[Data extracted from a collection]
*** Begin section ***

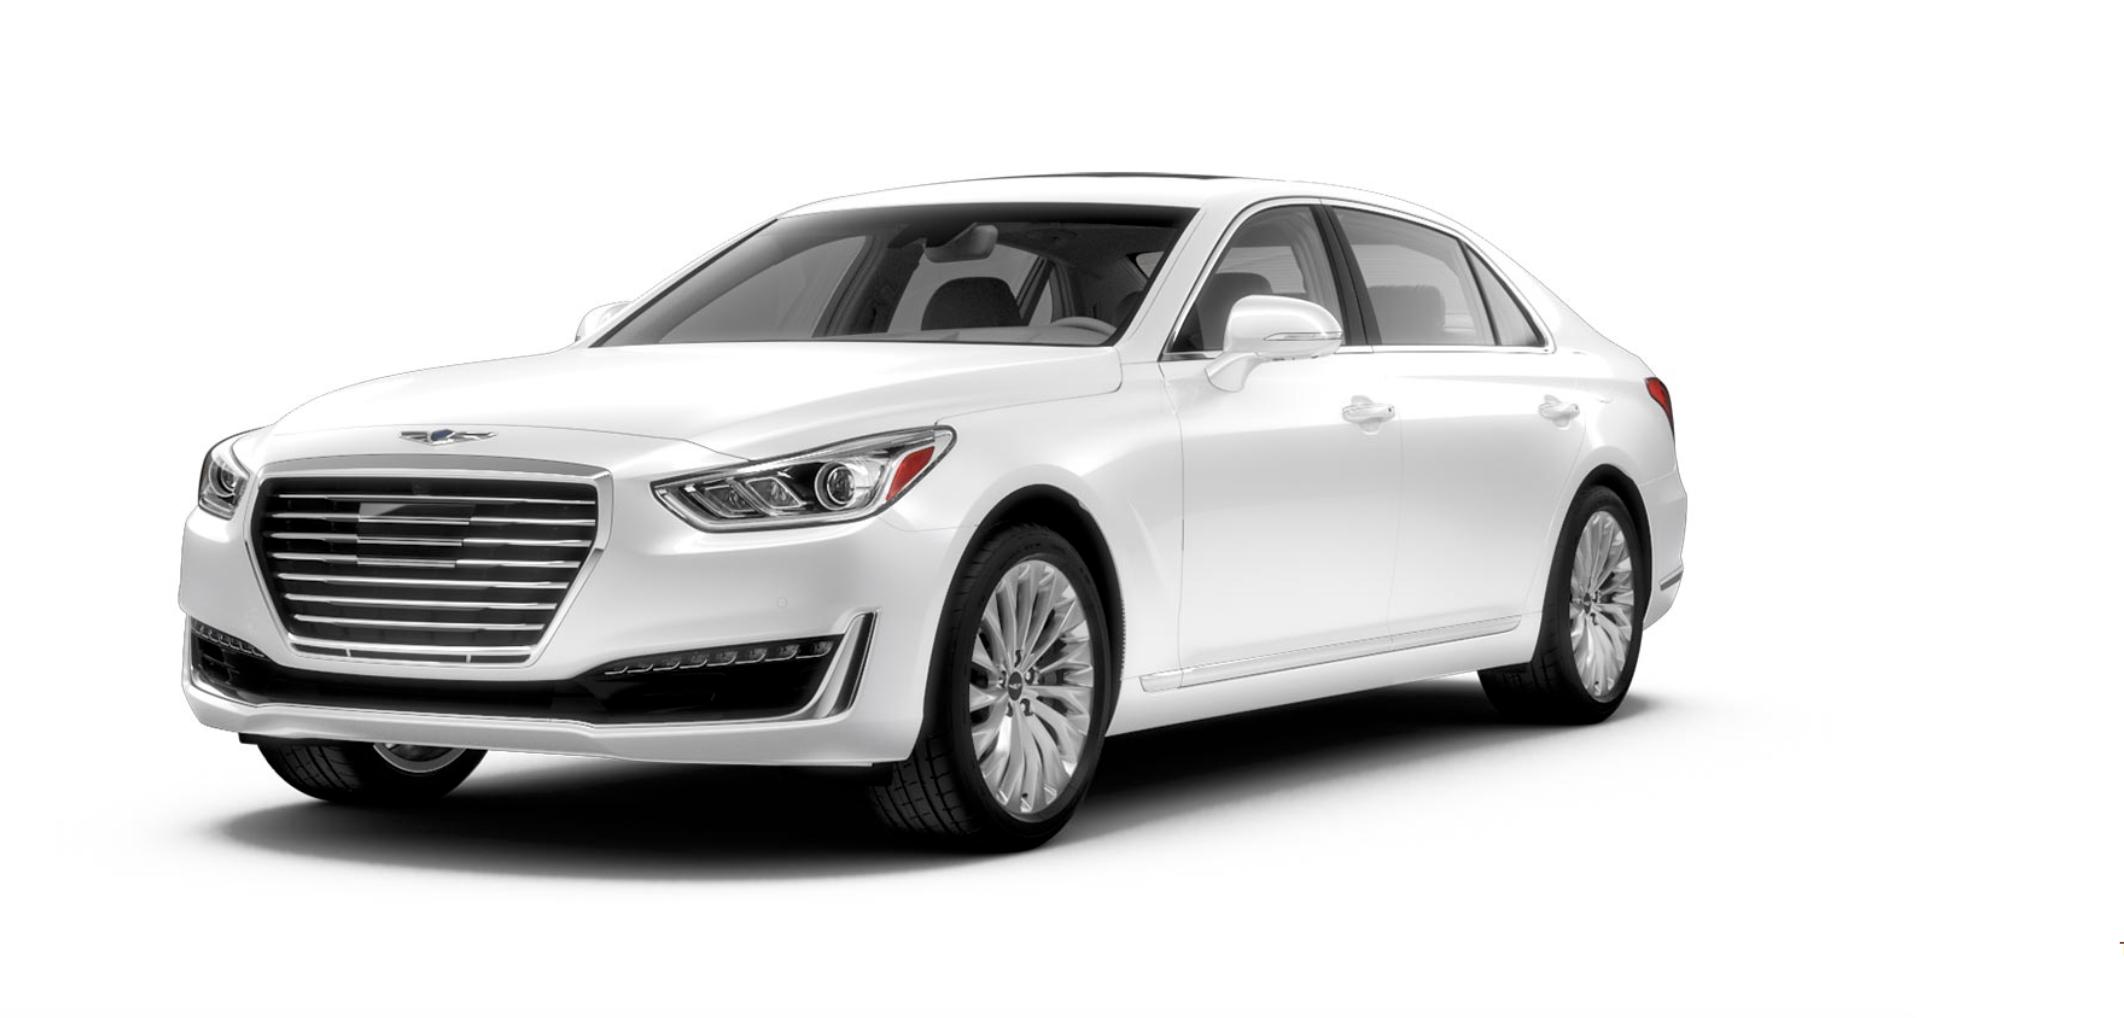 Genesis At New York International Auto Show GenesisNYIAS Mom Most - Car show 2018 nyc
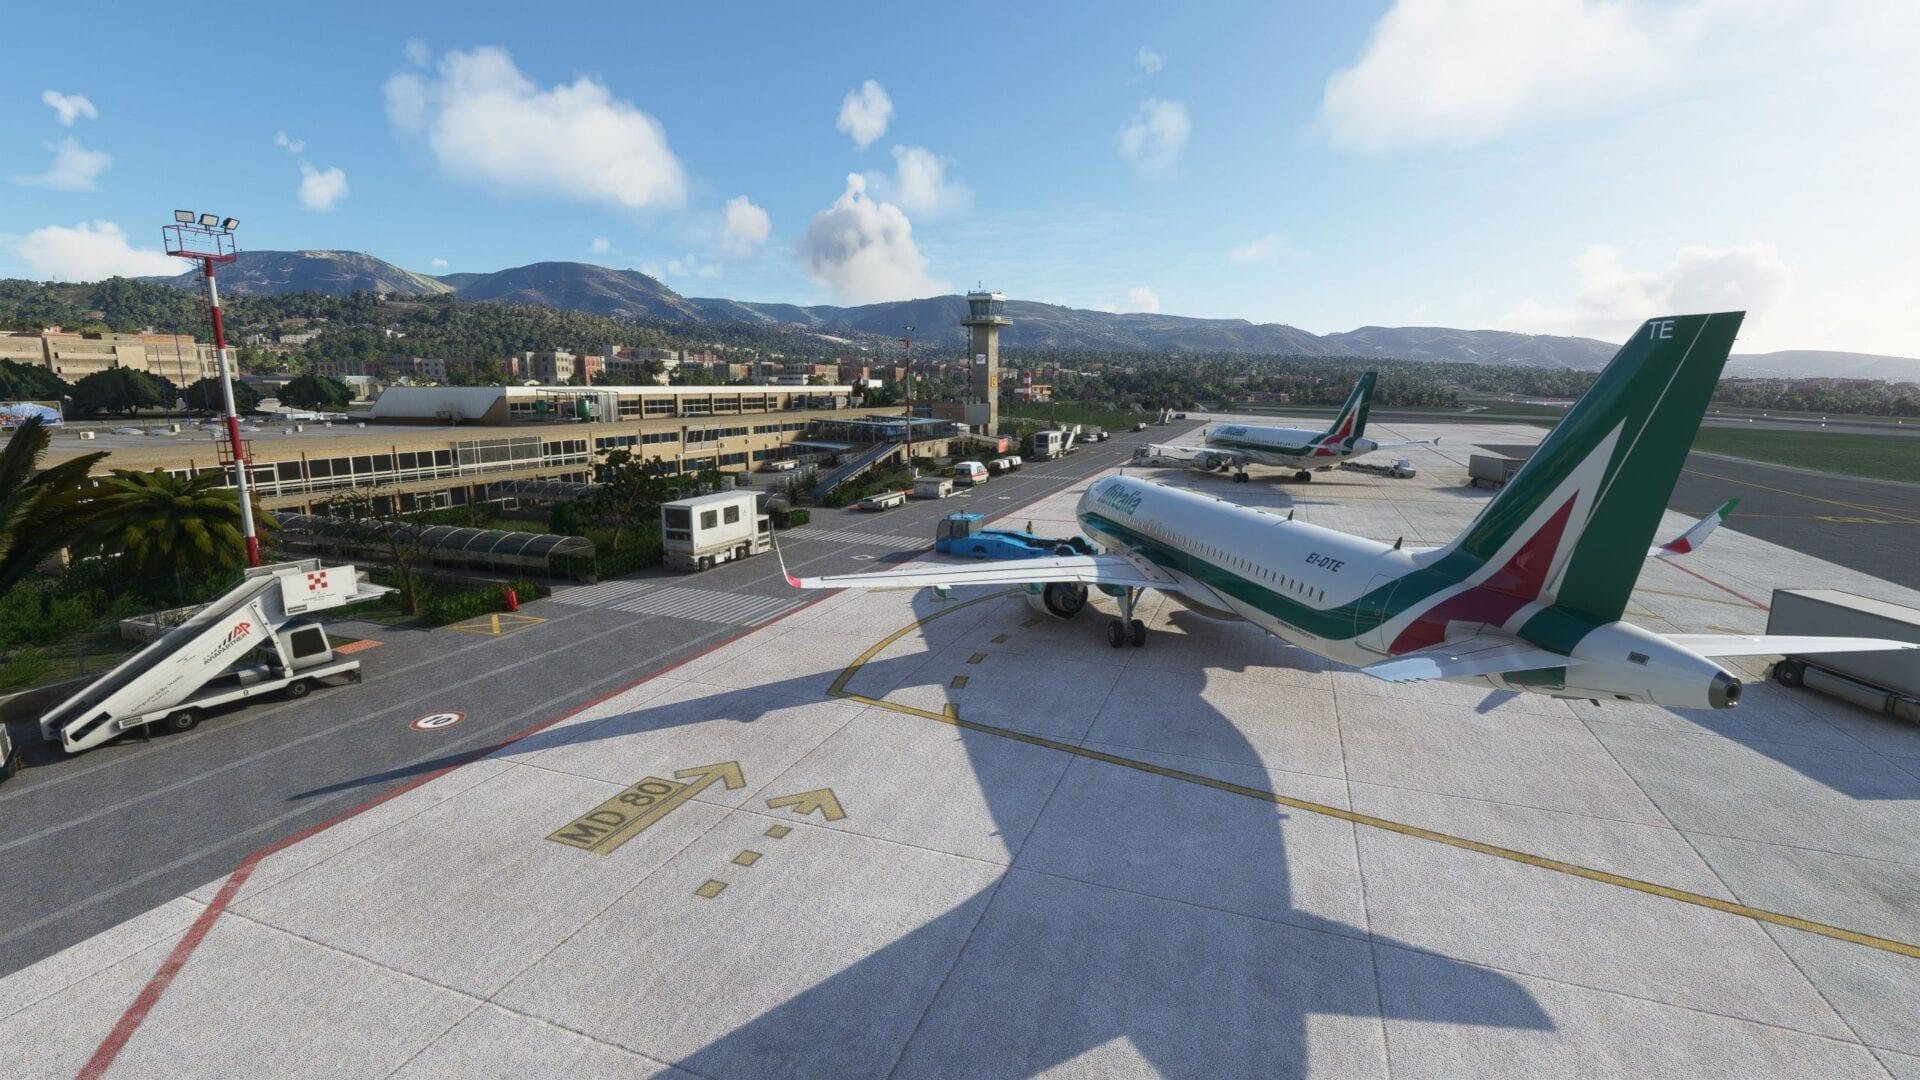 Reggio Calabria Airport for Microsoft Flight Simulator Critic Review
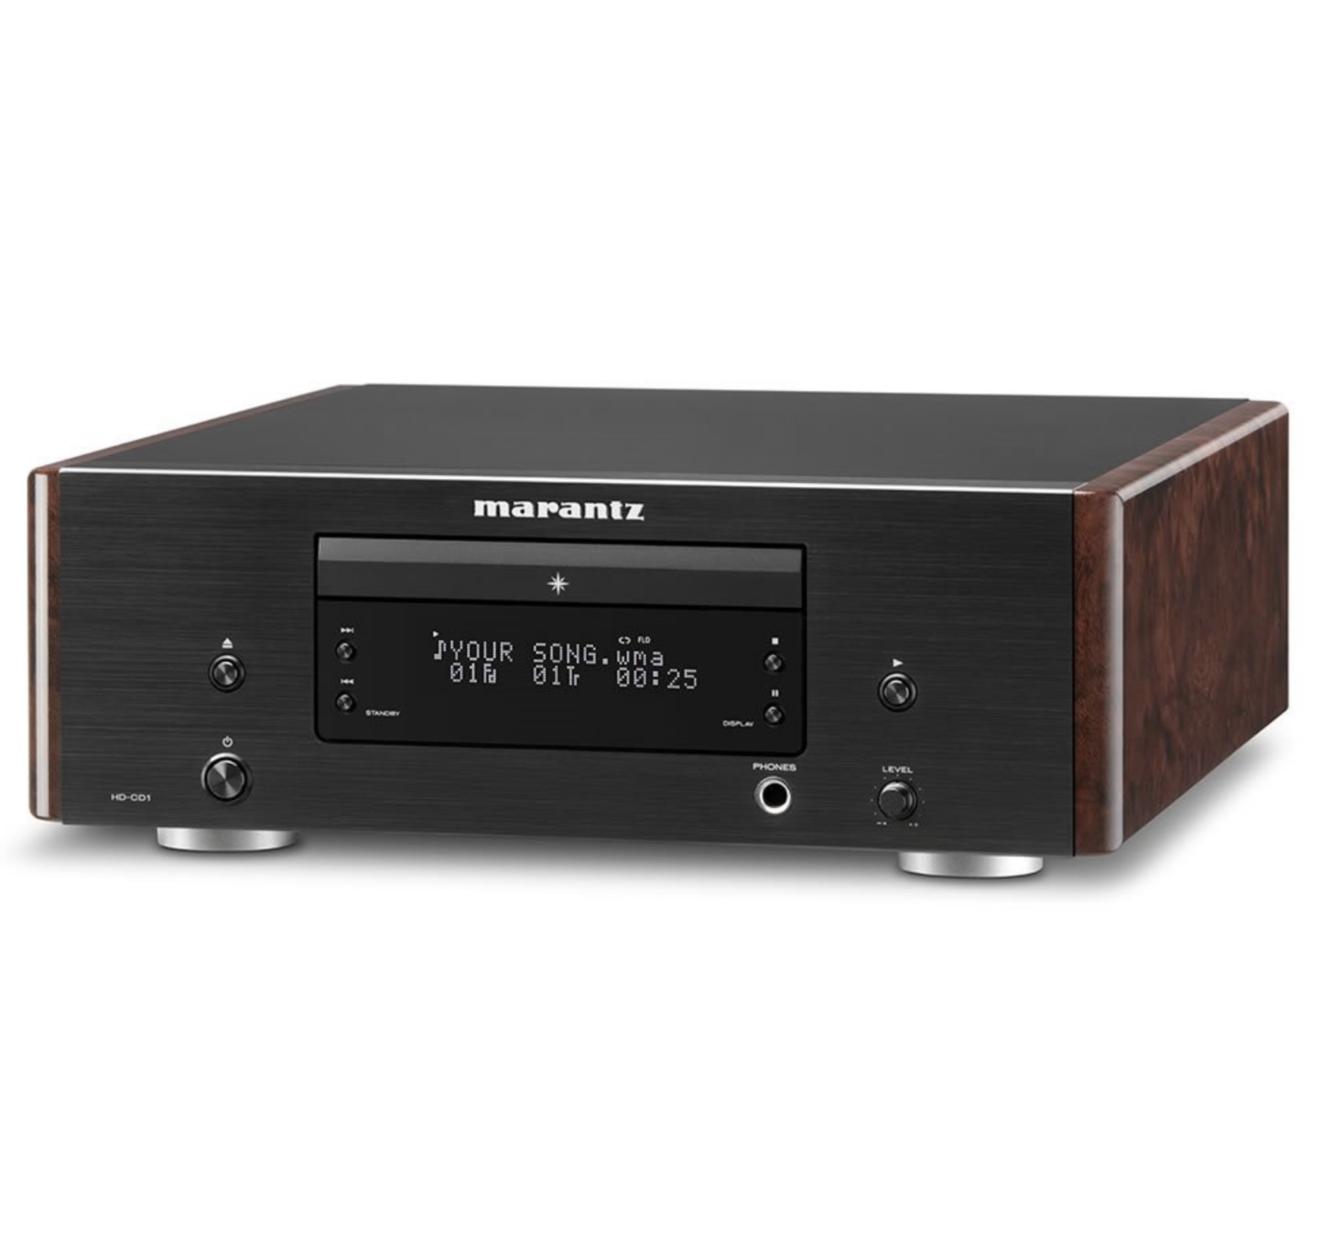 Cd Player Marantz HD-CD1 High Definition Cd / Cd-R/Rw / Wma / MP3 / Aac
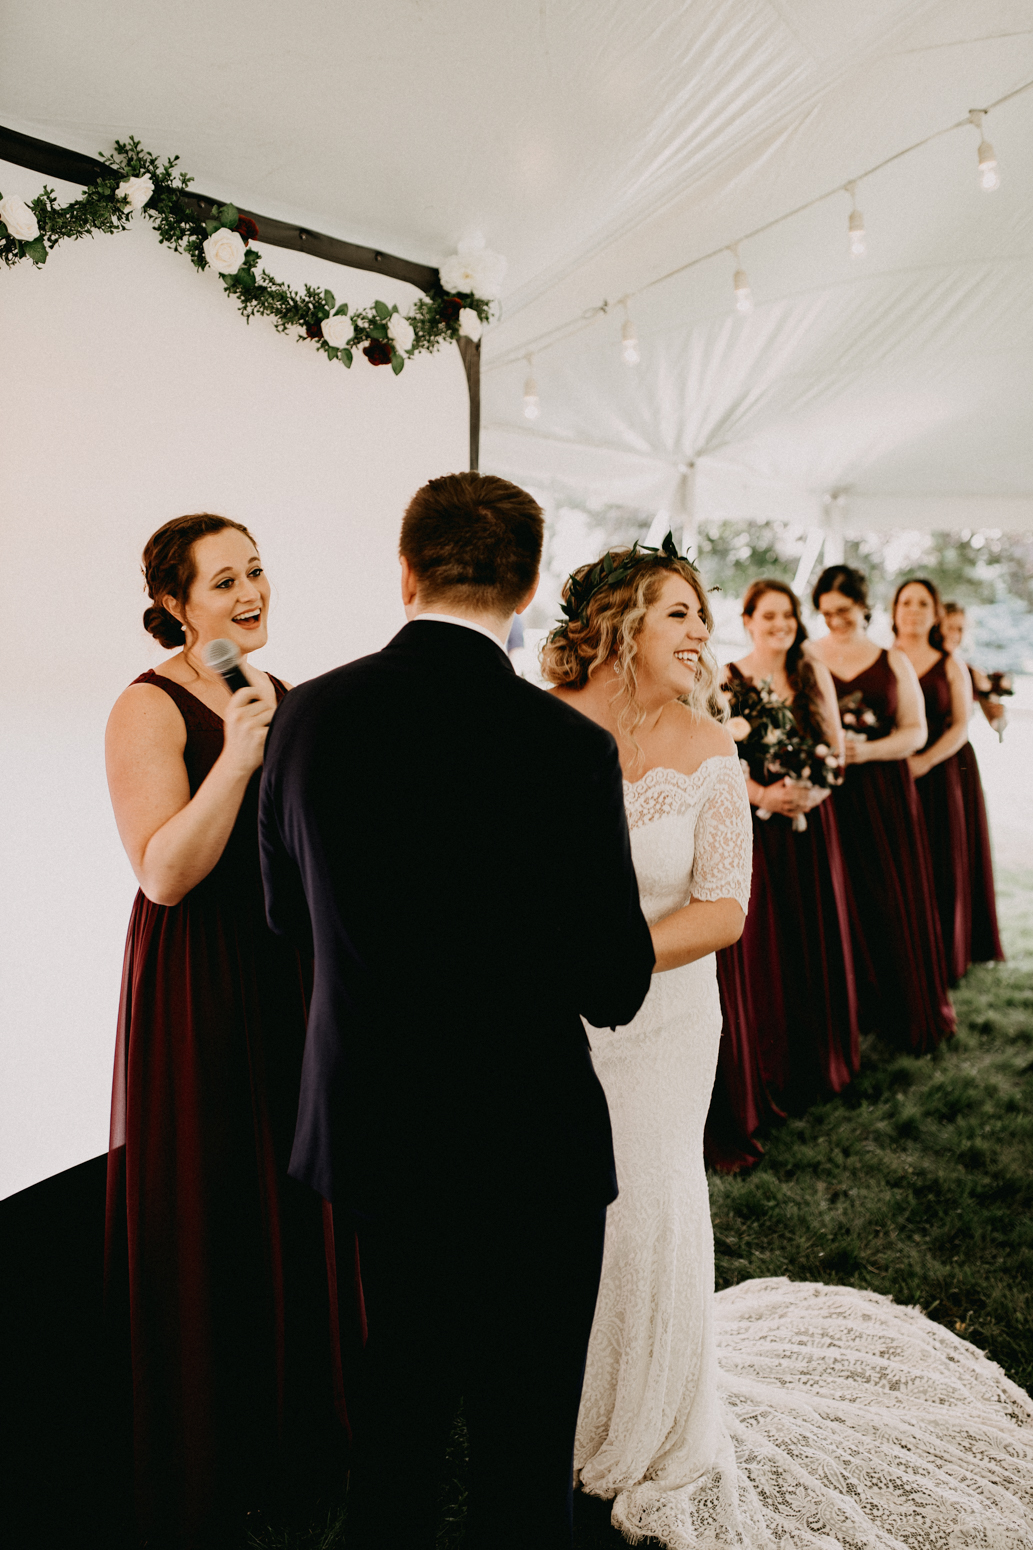 Rochester, NY Wedding Photographer (74 of 149).jpg
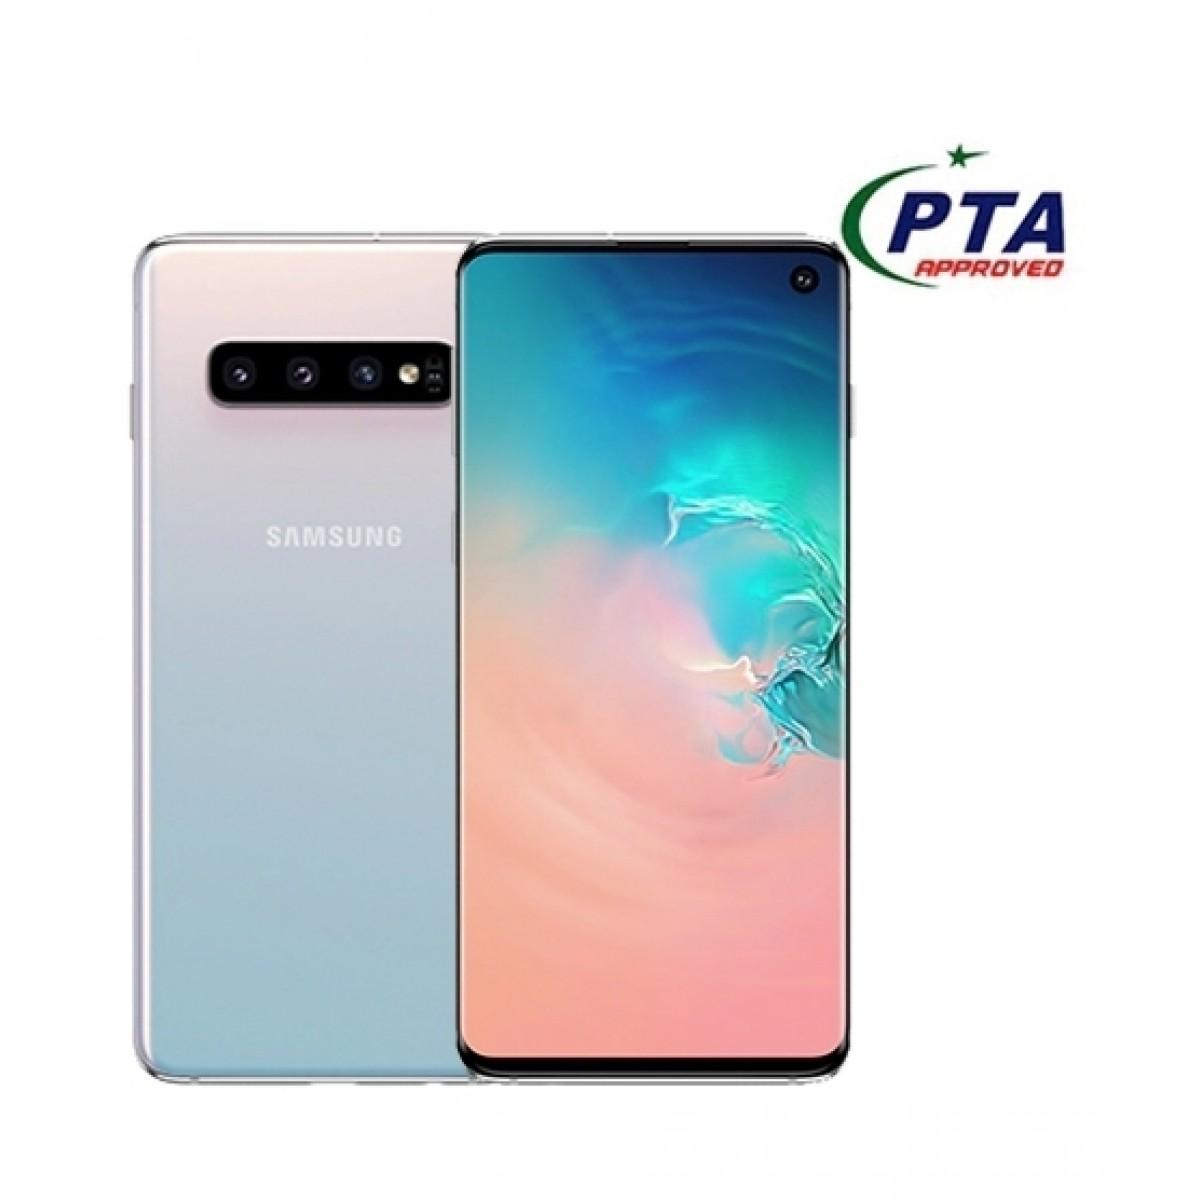 Samsung Galaxy S10 128GB Dual Sim Prism White - Official Warranty

*** End section ***

Work instructions —
Set out, exactly as given, the line that contains "Rochester, NY Wedding" along with each line after it through the end of the records above; omit the pictures.

Answer space —
 Rochester, NY Wedding Photographer (74 of 149).jpg
 Samsung Galaxy S10 128GB Dual Sim Prism White - Official Warranty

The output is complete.